♪ [music] ♪
- [Narrator] Welcome to
Nobel conversations.
In this episode, Josh Angrist
and Guido Imbens,
sit down with Isaiah Andrews
to discuss how the research
was initially received
and how they responded
to criticism.
At the time, did you feel like
you are on to something,
you felt like this was
the beginning of a whole line of work
that you felt like was going to be important or...?
Not so much that it was
a whole line of work,
but certainly I felt like, "Wow, this--"
We proved something be proved up
that people didn't know before,
that it was worth knowing.
Yeah, going back compared to my
job market papers having--
I felt this was actually a very clear crisp result.
But there were definitely
was mixed reception and I don't
think anybody said that,
"Oh, wow, this is already,
something."
No, which is the nightmare scenario for a researcher
where you think you've discovered
something and then somebody else,
says, "Oh, I knew that."
But there were definitely was a need to
convince people that this was worth knowing,
that instrumental variables estimates
a causal effect for compliers.
Yeah, but even though it
took a long time to convince
a bigger audience,
sometimes even fairly quickly, the
reception was pretty good
among a small group of people.
Gary, clearly liked it a lot from the beginning
and I remember, because at that point Josh had left for Israel,
but I remember explaining it to Don Ruben
and he was like, "Yeah, this really is something here."
Not right away though.
Don took some convincing.
By the time you got to Don,
there have been some back
and forth with him
and in correspondence actually.
But I remember at some
point getting a call or email from him
saying that he was sitting at the
airport in Rome
and looking at the paper and thinking,
"Yeah, no actually, you guys are onto something."

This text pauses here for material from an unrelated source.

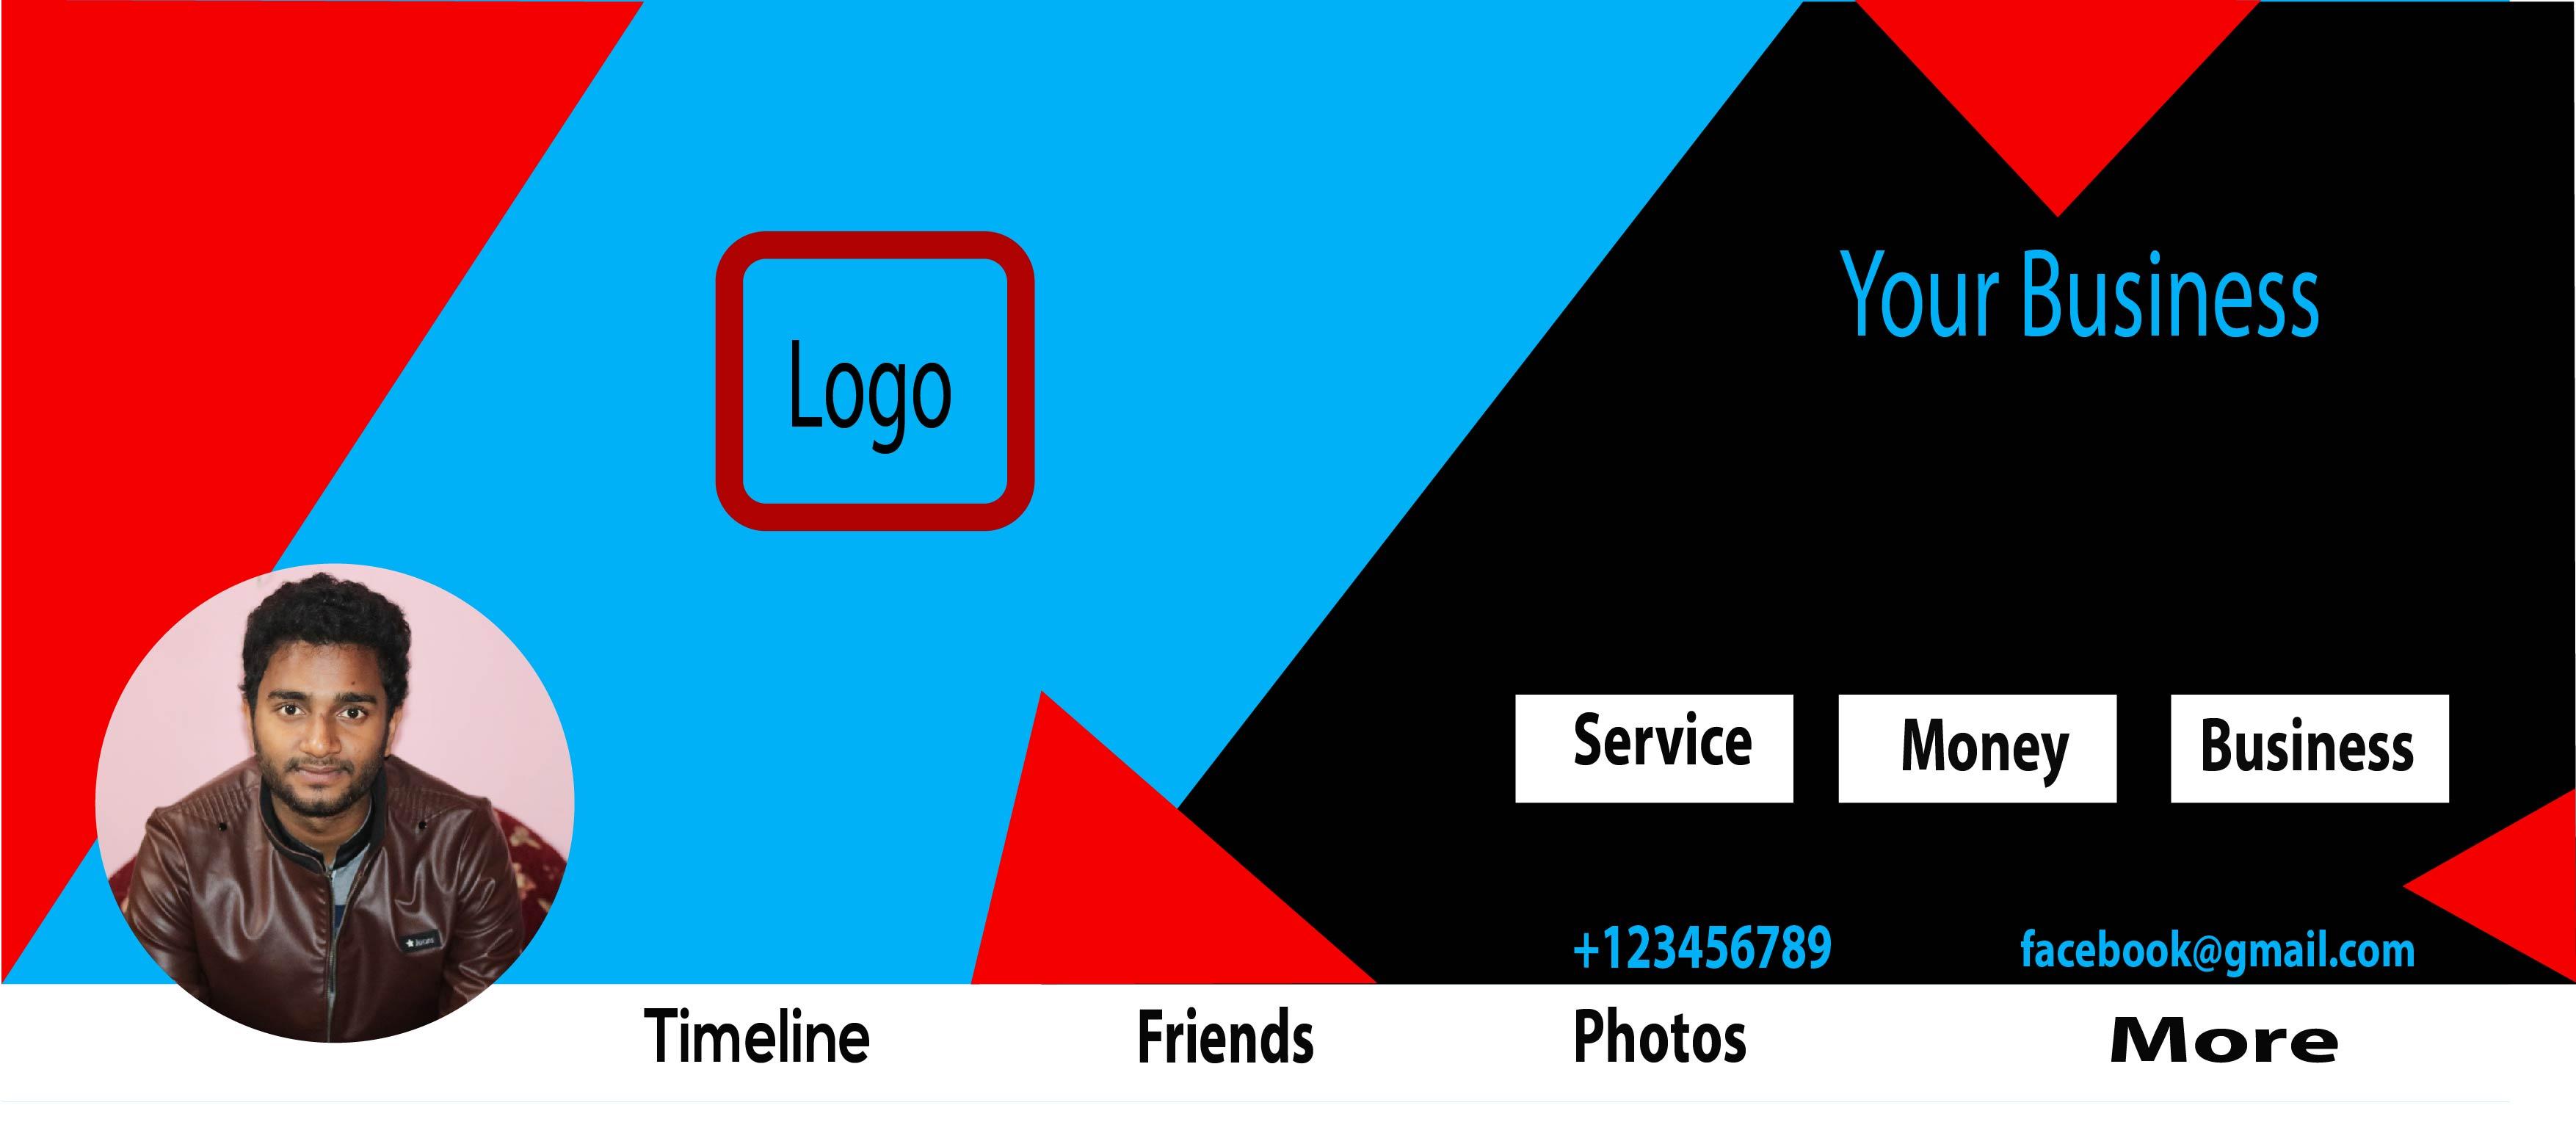 I will design Facebook cover photo or social media design

We were happy about but that
took longer than I think you remember.
Yeah, it wasn't right away
[laughter]
because I know that I was back in
Israel by the time that happened.
I'd left for Israel in the summer--
I was only at Harvard for two years.
We had that one year.
It is remarkable, I mean, that
one year was so fateful for us.
- [Guido] Yes.
I think we understood there was
something good happening,
but maybe we didn't think it was
life-changing, only in retrospect.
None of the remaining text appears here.